Explain what an embedding is and why it is useful
Describe how ESM-2 processes a protein sequence
Understand why embeddings are produced per amino acid
Explain how context changes amino acid representations
Combine residue-level embeddings into a protein-level vector

Student background assumptions

You are expected to:

Know what a protein sequence is
Be comfortable working with short sequences in a Python notebook
Have no prior experience with protein language models
Have no prior knowledge of transformers or deep learning

This route emphasizes intuition over technical detail.

Key definitions (read once, then explore)

Embedding A numerical vector that represents information learned from data.

Protein language model A model trained on large collections of protein sequences to learn patterns in sequence organization.

Transformer A neural network architecture that processes entire sequences at once and learns relationships between positions.

Self-attention A mechanism that allows each amino acid to incorporate information from other amino acids in the sequence.

ESM-2 A transformer-based protein language model that produces contextual embeddings for protein sequences.

Background: How ESM-2 Is Trained (Masked Language Modeling)

ESM-2 is trained using masked language modeling, a self-supervised learning task.
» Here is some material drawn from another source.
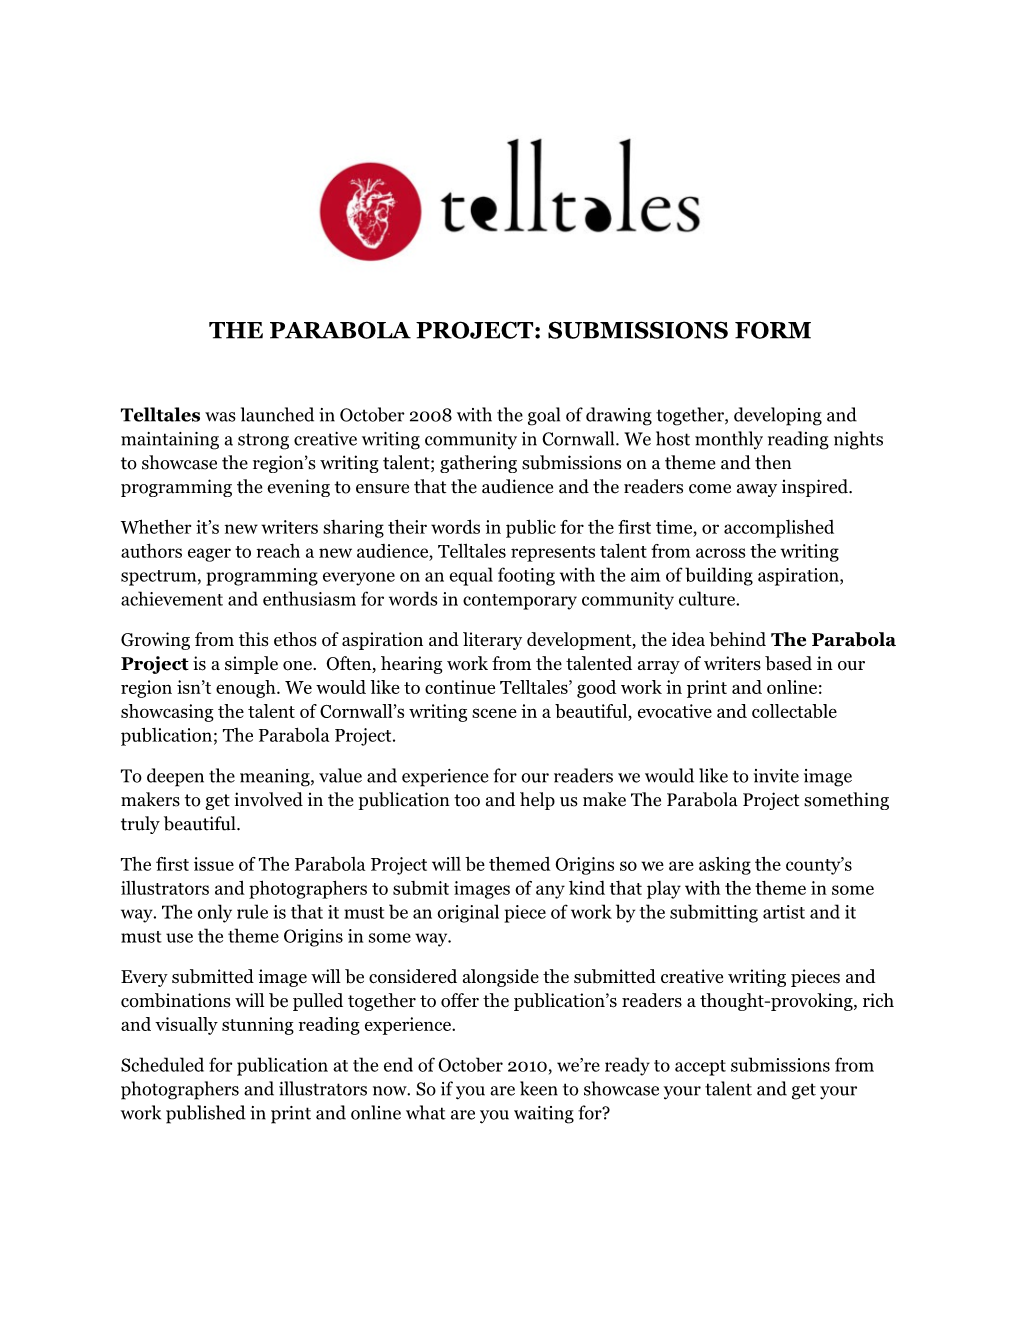 The Parabola Project: Submissions Form

During training, the model is shown hundreds of millions of protein sequences. In each sequence, a subset of amino acids is randomly replaced with a special mask token.

The model is trained to predict the original amino acid at each masked position. To do this well, it has to use information from the rest of the sequence, including both nearby amino acids and residues that are far away along the chain.

By repeating this task across hundreds of millions of protein sequences, ESM-2 learns common patterns in protein sequences. These include which amino acids tend to appear together, which positions are strongly constrained, and which sequence patterns are typical of real, folded proteins.

Importantly, the model is not explicitly trained to predict protein structure or function. It is never given labels such as "this protein is an enzyme" or "this region forms an alpha helix." Instead, information about structure and function emerges as a byproduct of the training task. Accurately predicting missing amino acids requires the model to learn the underlying rules that govern protein sequences.

Once training is complete, the model can be used to generate embeddings for new protein sequences. These embeddings are high-dimensional vectors, where each dimension captures some aspect of the sequence patterns the model has learned. While no single dimension corresponds to a specific biological feature, together they encode information related to sequence context, structure, and function. In this sense, the ability of ESM-2 embeddings to reflect protein structure and function is a useful side effect of how the model was trained.

Exercise 0: The Knot Check (Inputs and Outputs)

Goal: Understand what goes into ESM and what comes out.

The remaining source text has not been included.